The Difference Between Highly Sensitive and Hypersensitive
High sensitivity is biological. Hypersensitivity is a coping style.
Posted Nov 10, 2014
Though they're often mistaken for one another, high sensitivity and hypersensitivity are entirely different ideas and have very little to do with each other.
Hypersensitivity is best described as plain old emotional fragility. I’m sure we’ve all seen someone whose hypersensitivity puts coworkers on edge. There’s a nagging fear in some workplaces that an innocent word will be misinterpreted and result in an unpleasant visit from HR. (There's a post about handling hypersensitivity over at my main blog.)
Occasionally, I’ve heard people account for emotional hypersensitivity by claiming that it’s simply part of being a Highly Sensitive Person (HSP). HSP is the new label for old truth that some people are more sensitive to environmental stimuli than others.
HSPs have relative difficulty filtering sounds and other sensory inputs.
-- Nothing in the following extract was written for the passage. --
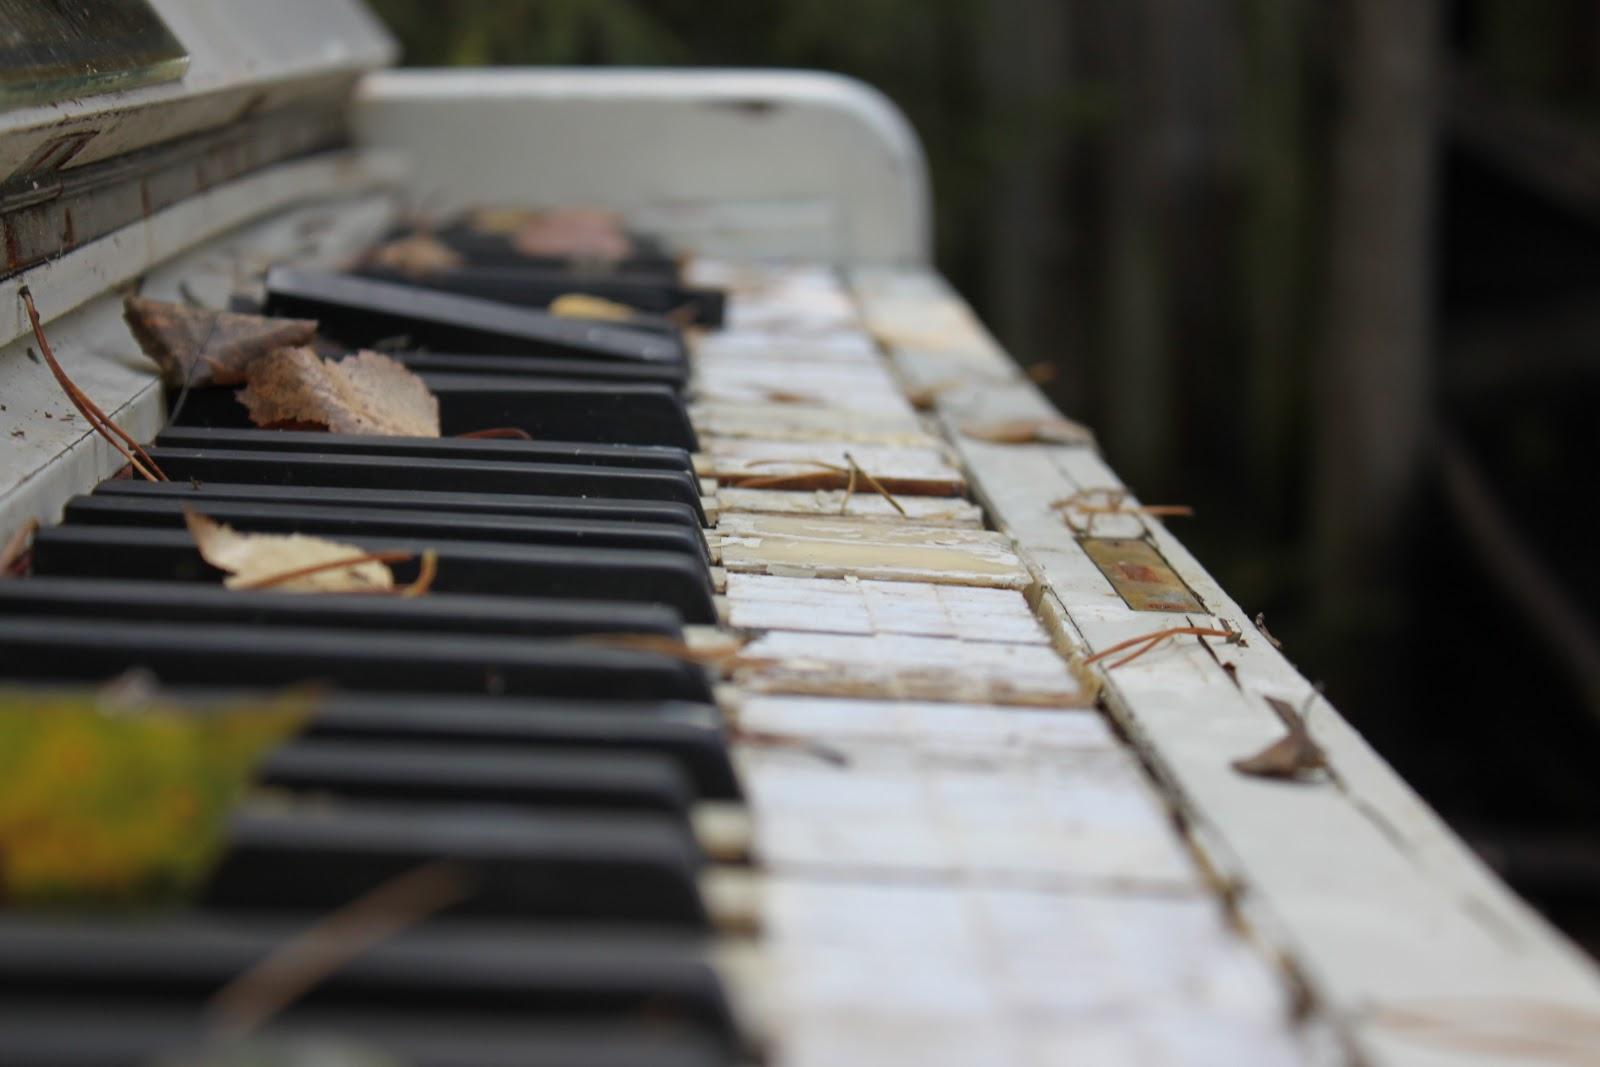 http://1.bp.blogspot.com/-AYIfdZpLxgg/UN8dOCQAFvI/AAAAAAAABdo/HkBt2JMyAg8/s1600/Old+Musical+Instrument+Pictures.jpg

They’re especially sensitive to subtle stimuli that other people don’t notice. If you’re interested to know whether you might be described as highly sensitive, there’s a respectable quiz here:
http://www.hsperson.com/test/highly-sensitive-test/.
High sensitivity is a biological predisposition traceable to brain structures like the reticular activating system. It has little, if anything, to do with emotional sturdiness.
Like any predisposition, high sensitivity is a mixed bag. I happen to be highly sensitive to the environment. The downside is that I’m compelled to sit with my back to the wall at
restaurants in order to limit sensory input. On the positive side, I know when the oven has been left on because the tiny “tic” of expanding metal might as well be an alarm bell to my brain.
Despite being highly sensitive, I am not hypersensitive. It’s extremely difficult to hurt my feelings because I have solid coping skills. (It hasn’t always been that way. It took some work.) That’s the difference between high sensitivity and hypersensitivity. The former is biologically based, and the latter is a reflection of one’s emotional skill set. Despite what you might read elsewhere, high sensitivity and hypersensitivity don’t go hand-in-hand.
It’s true that being an HSP tends to make a person more perceptive of other people’s moods.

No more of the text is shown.